在Python中解析包含子公式的方程式
我正在尝试用编译器的方法在Python中开发一个方程解析器。遇到的主要问题是,我可能没有所有的变量,因此需要寻找子公式。下面的例子说明得很清楚;)
我有四个已知值的变量:vx、vy、vz和c:
list_know_var = ['vx', 'vy', 'vz', 'c']
我想计算马赫数(M),它的定义是
equation = 'M = V / c'
我已经知道变量c,但不知道V。不过,我知道速度V可以通过vx、vy和vz计算出来,这个计算结果存储在一个字典里,里面还有其他公式(这里只展示了一个子公式)
know_equations = {'V': '(vx ** 2 + vy ** 2 + vz ** 2) ** 0.5'}
因此,我需要做的是解析这个方程,检查我是否有所有的变量。如果没有,我就要查看know_equations字典,看看是否有定义的方程,并且这个过程会递归进行,直到我的方程完全定义好。

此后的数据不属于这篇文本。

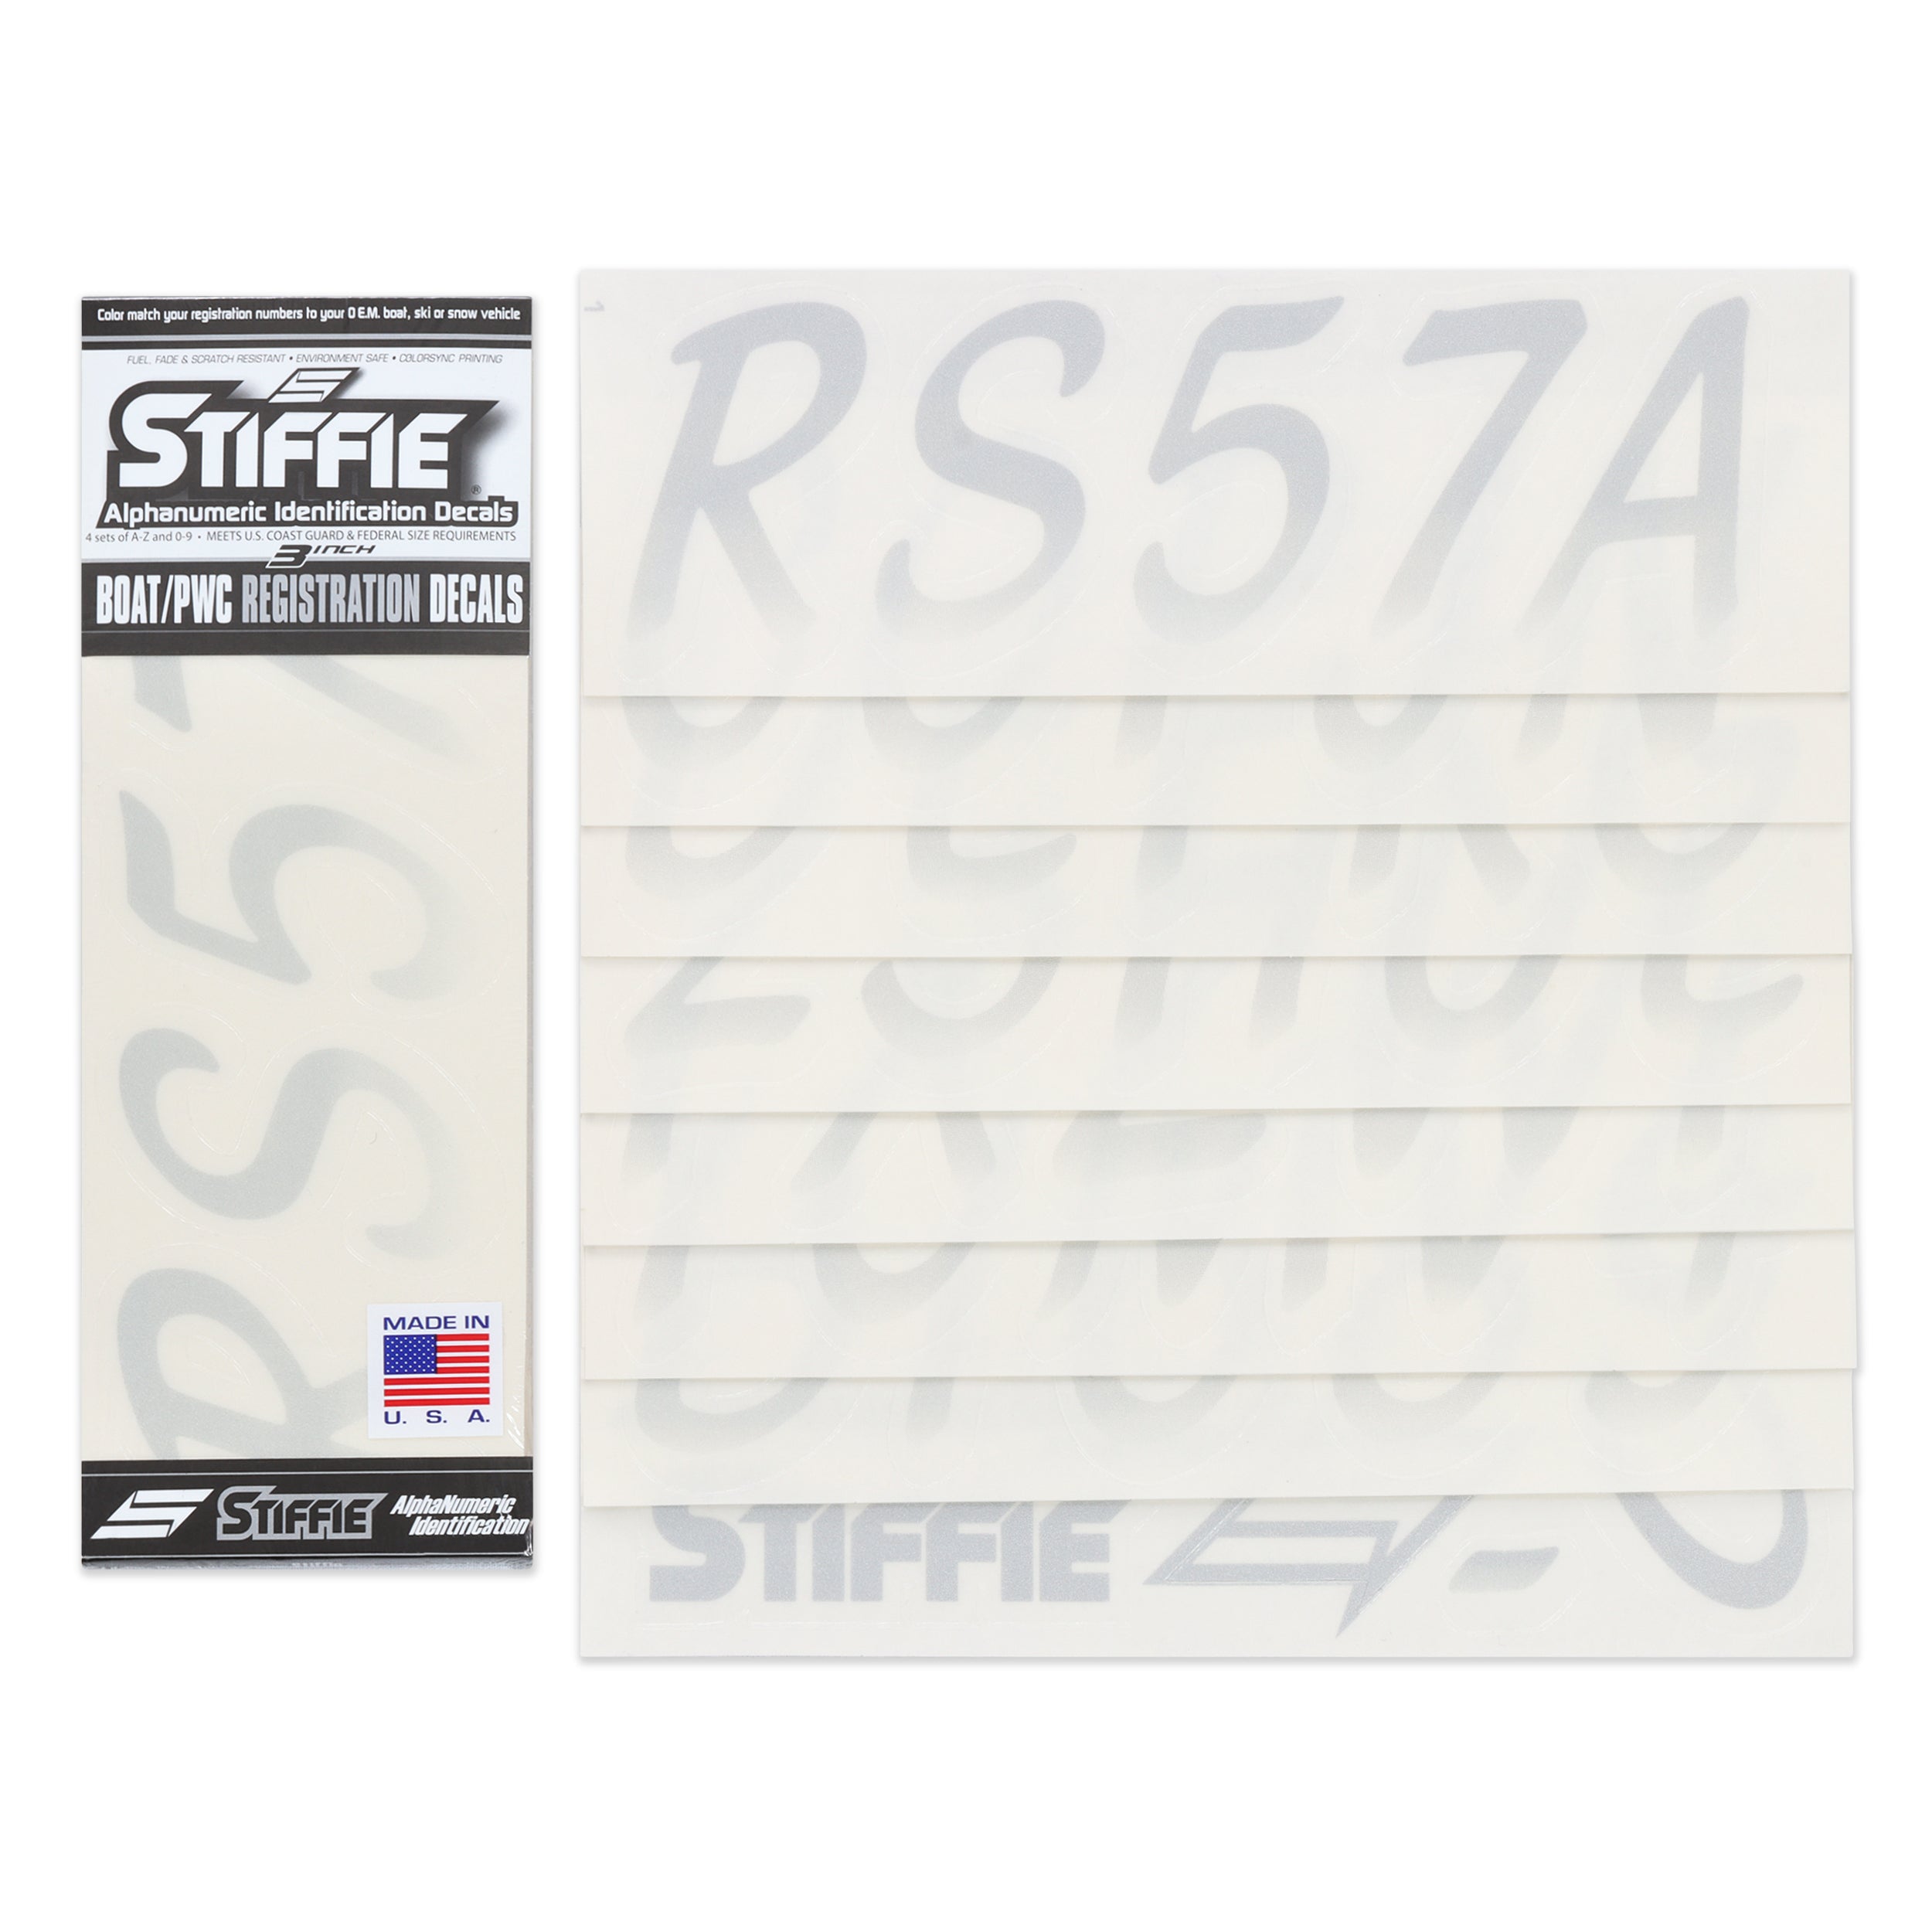 Stiffie Whipline Met. Silver/Transparent Clear 3" Alpha-Numeric Registration Identification Numbers Stickers Decals for Boats & Personal Watercraft

目前为止,我已经能够使用这里提供的答案来解析我的方程,并判断我是否知道所有的变量。问题是,我还没有找到方法来用know_equation中的表达式替换未知变量(这里是V):
parsed_equation = compiler.parse(equation)

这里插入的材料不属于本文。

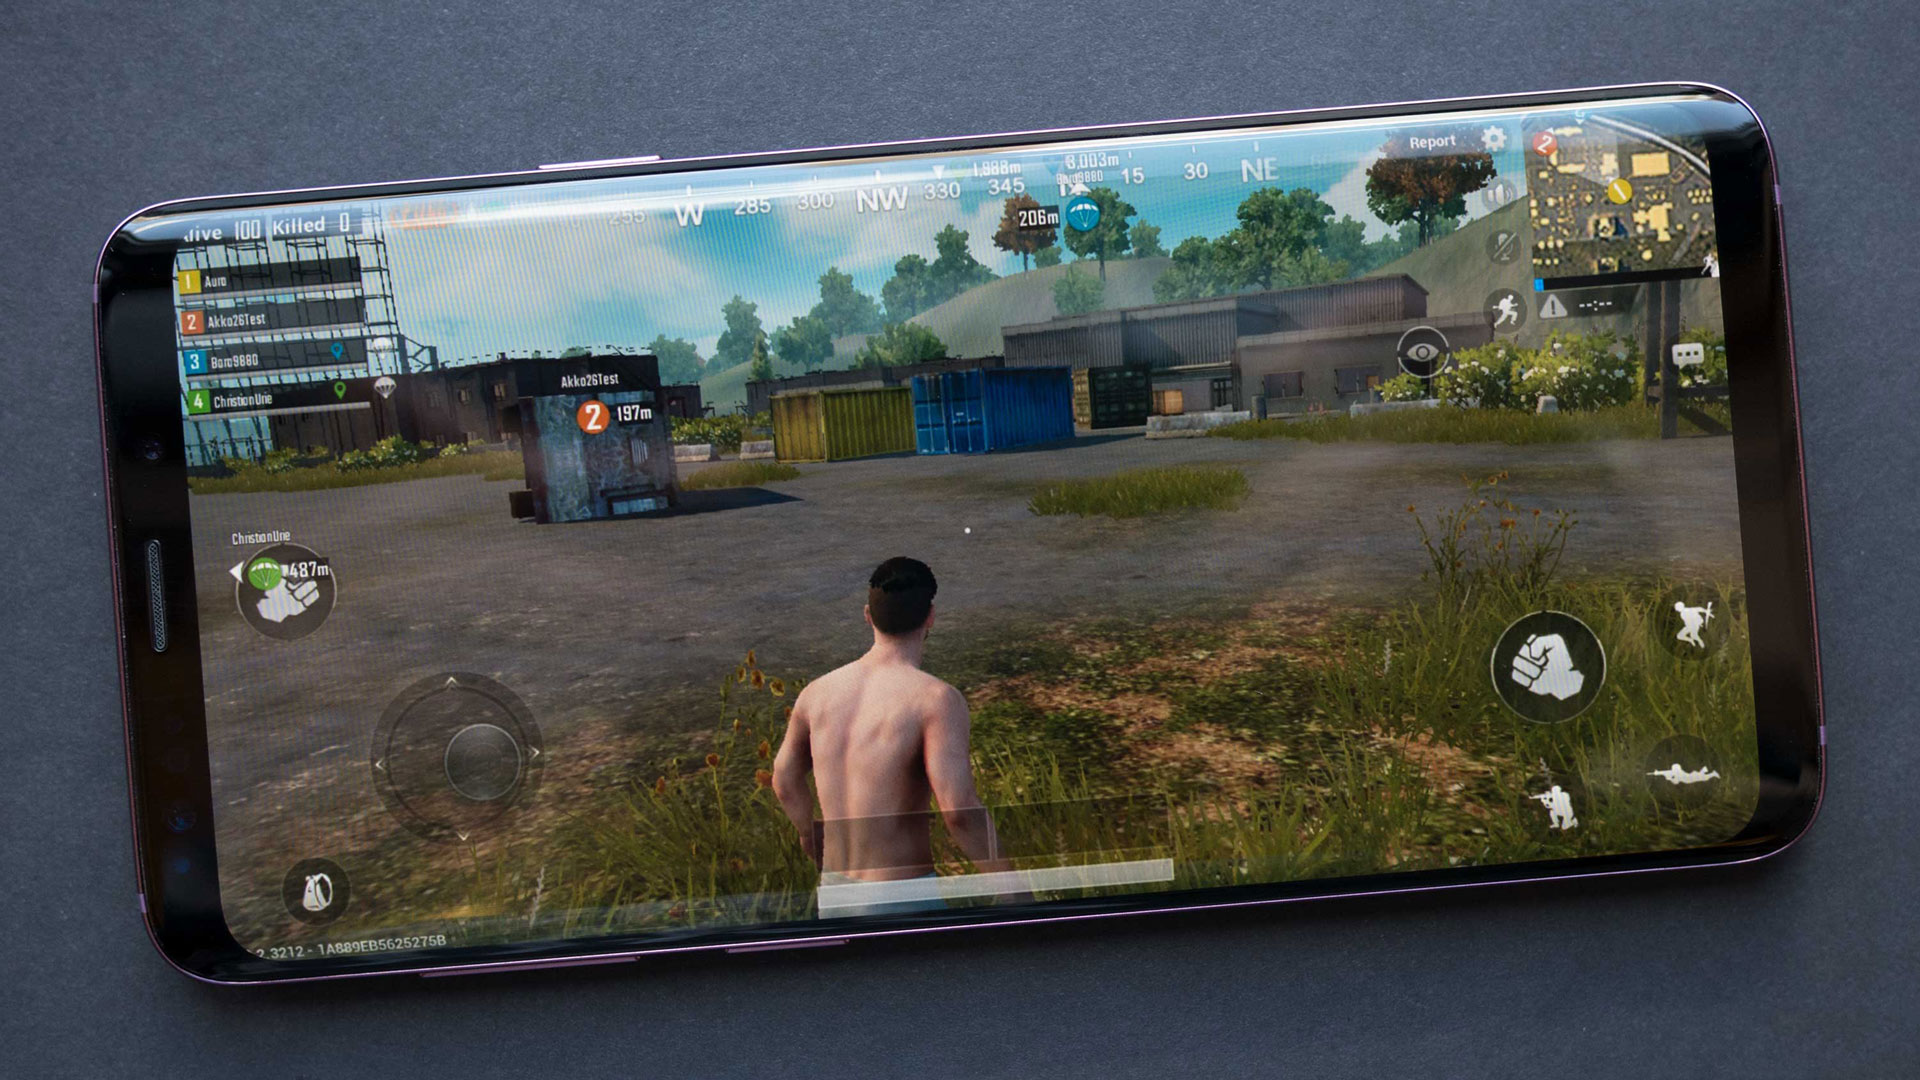 How to Change the Name in PUBG Mobile?

list_var = re.findall("Name\(\'(\w*)\'\)", str(parsed_equation.getChildNodes()[0]))
list_unknow_var = list(set(list_var) - set(list_know_var))

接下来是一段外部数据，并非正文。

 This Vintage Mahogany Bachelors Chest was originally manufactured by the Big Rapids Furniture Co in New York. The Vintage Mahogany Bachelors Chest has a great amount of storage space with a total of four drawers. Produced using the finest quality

for var in list_unknow_var:
if var in know_equations:
# replace var in equation by its expression given in know_equations
# and repeate until all the variables are known or raise Error
pass
提前感谢你的帮助,非常感激!
Adrien
1 个回答
1
我来随便说说这个问题。
compiler.parse这个函数会返回一个叫做compiler.ast.Module的东西,它里面包含了一个抽象语法树。你可以用getChildNodes这个方法来遍历这个树。通过递归地检查每个节点的left和right属性,你可以找到compiler.ast.Name的实例,并把它们替换成你想要的表达式。
举个例子:
import compiler
def recursive_parse(node,substitutions):
# look for left hand side of equation and test
# if it is a variable name
if hasattr(node.left,"name"):
if node.left.name in substitutions.keys():
node.left = substitutions[node.left.name]
else:
# if not, go deeper
recursive_parse(node.left,substitutions)
# look for right hand side of equation and test
# if it is a variable name
if hasattr(node.right,"name"):
if node.right.name in substitutions.keys():
node.right = substitutions[node.right.name]
else:
# if not, go deeper
recursive_parse(node.right,substitutions)
def main(input):
substitutions = {
"r":"sqrt(x**2+y**2)"
}
# each of the substitutions needs to be compiled/parsed
for key,value in substitutions.items():
# this is a quick ugly way of getting the data of interest
# really this should be done in a programatically cleaner manner
substitutions[key] = compiler.parse(substitutions[key]).getChildNodes()[0].getChildNodes()[0].getChildNodes()[0]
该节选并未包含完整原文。